Three amendments to the Finance Bill for 2009 related to SIICs have been drafted by Senator Philippe Marini last Wednesday for the Finance Commission of the Senate.
Subject to any change – which remains possible during the discussion of the Finance Bill – these amendments would be the following:
SIIC IV: deferment until 1/1/2010 - The 60% cap of interest held by a single shareholder in a SIIC would be postponed for one year, i.e. the application of the 60% cap would only be effective as from January 1st 2010;
- In case of a continued disrespect of the 60% cap at the end of the fiscal year following the year the cap is not met, or if the 60% cap is breached more than once over a 10 year period, the SIIC company would lose the benefit of the SIIC regime.
- The tax consequences of the exit would be:
- The SIIC company and its subsidiaries would be liable to CIT at the rate of 34.43% on their undistributed profits and reserves which previously benefited from the tax exemption. We believe that the calculation of future capital gains on the disposal of the real estate assets would be based on their net book value. However, in such a case the capital gains generated by the SIIC company would be reduced by the depreciation allowances accounted during the application of the SIIC regime.
- Finally, in case of a temporary exit from the SIIC regime, the unrealized capital gains on the real estate assets related to this period would be subject to an exit tax (16.5%) when the company reenters the SIIC regime.

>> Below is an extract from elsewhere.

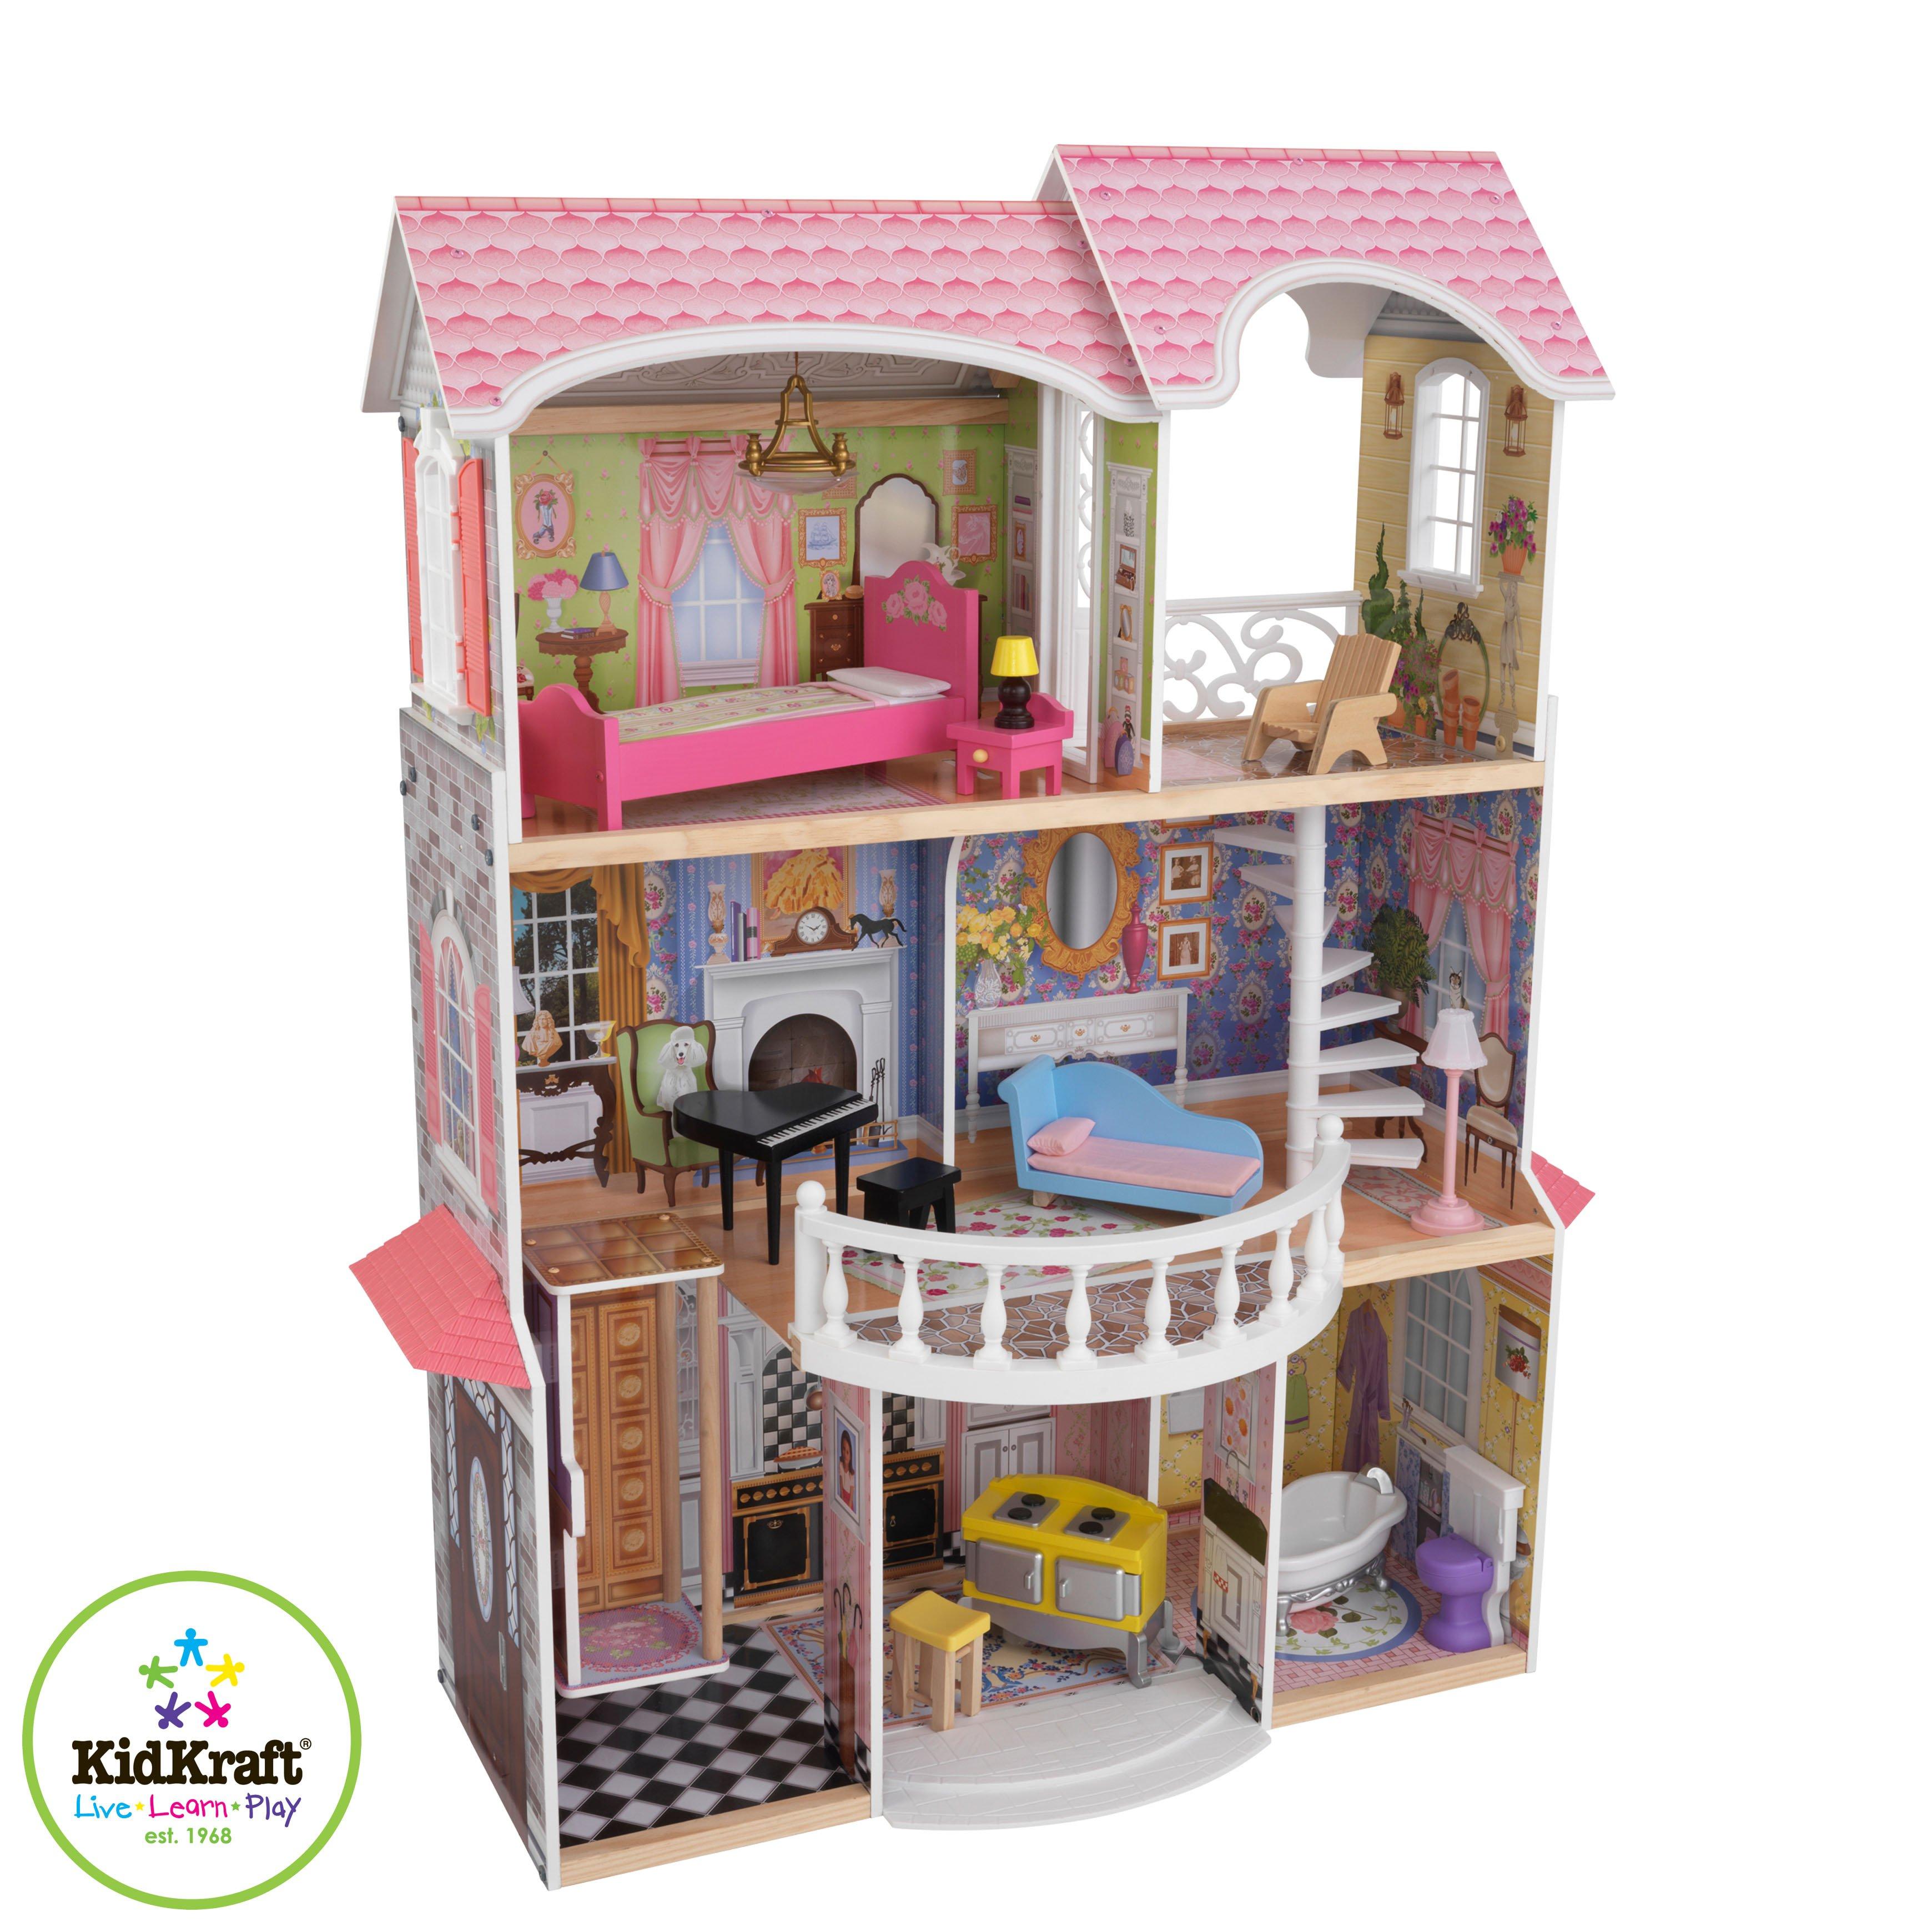 Kidkraft Magnolia Mansion Doll's House
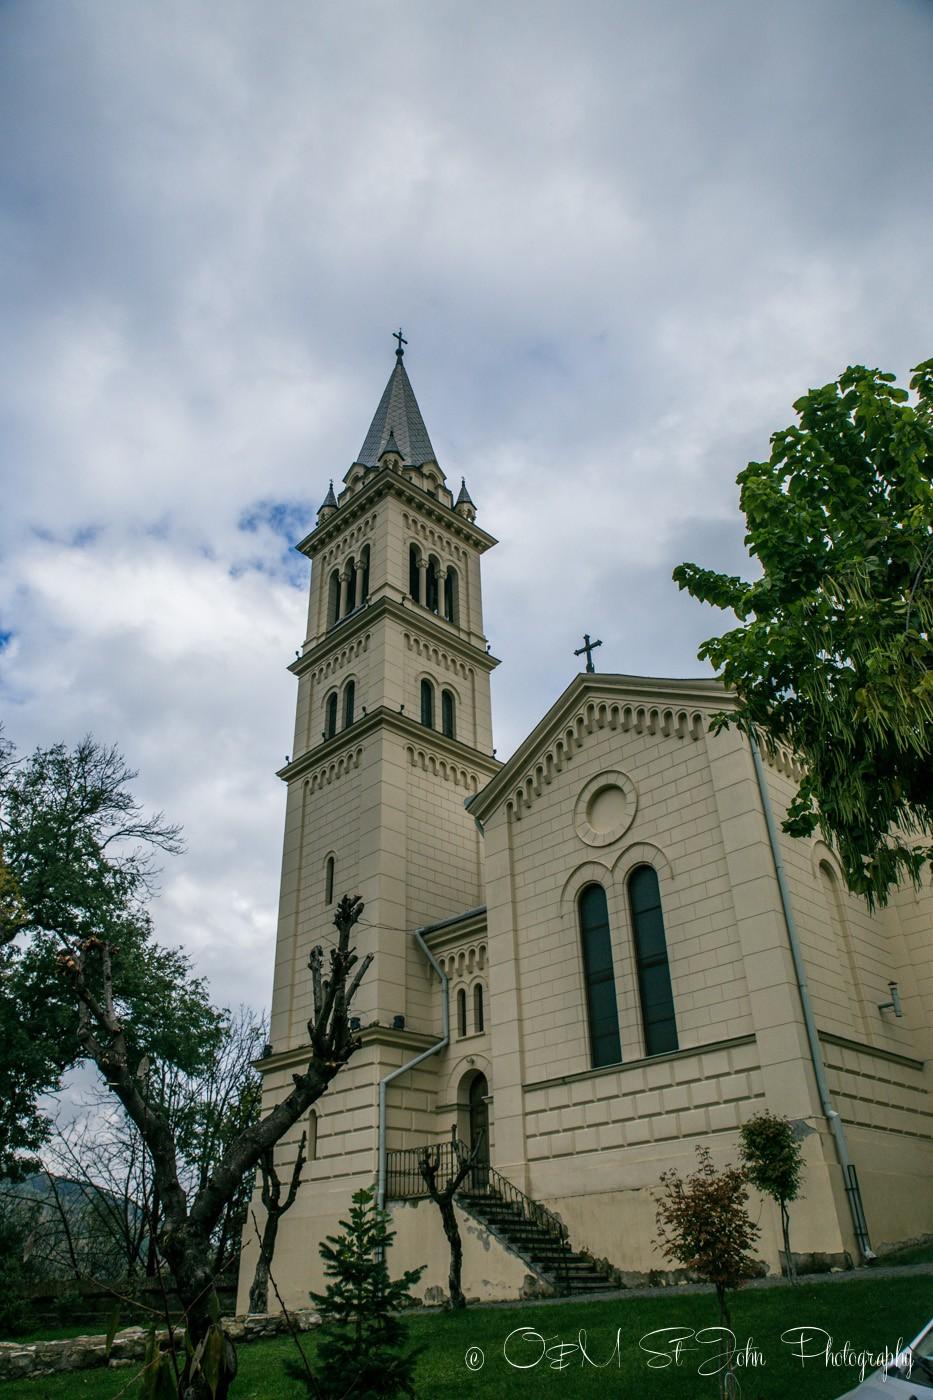 Monastery Church. Biserica Mânăstirii. Sighisoara. Romania

SIIC III: 3 YEARS EXTENSION AND INCREASE OF THE RATE TO 19% - The « SIIC III » regime (i.e. article 210 E of the French tax code) would benefit from a 3 year extension (until December 31th, 2011). In return, the applicable rate on the taxation of the capital gains would increase from 16.5% to 19%.
- In addition, commitment to keep the assets during a five year period with respect to the SIIC 3 regime would benefit from more leniency in case of a real estate financial lease agreement and refurbishment.
We will carefully follow the discussions of these amendments and their final adoption.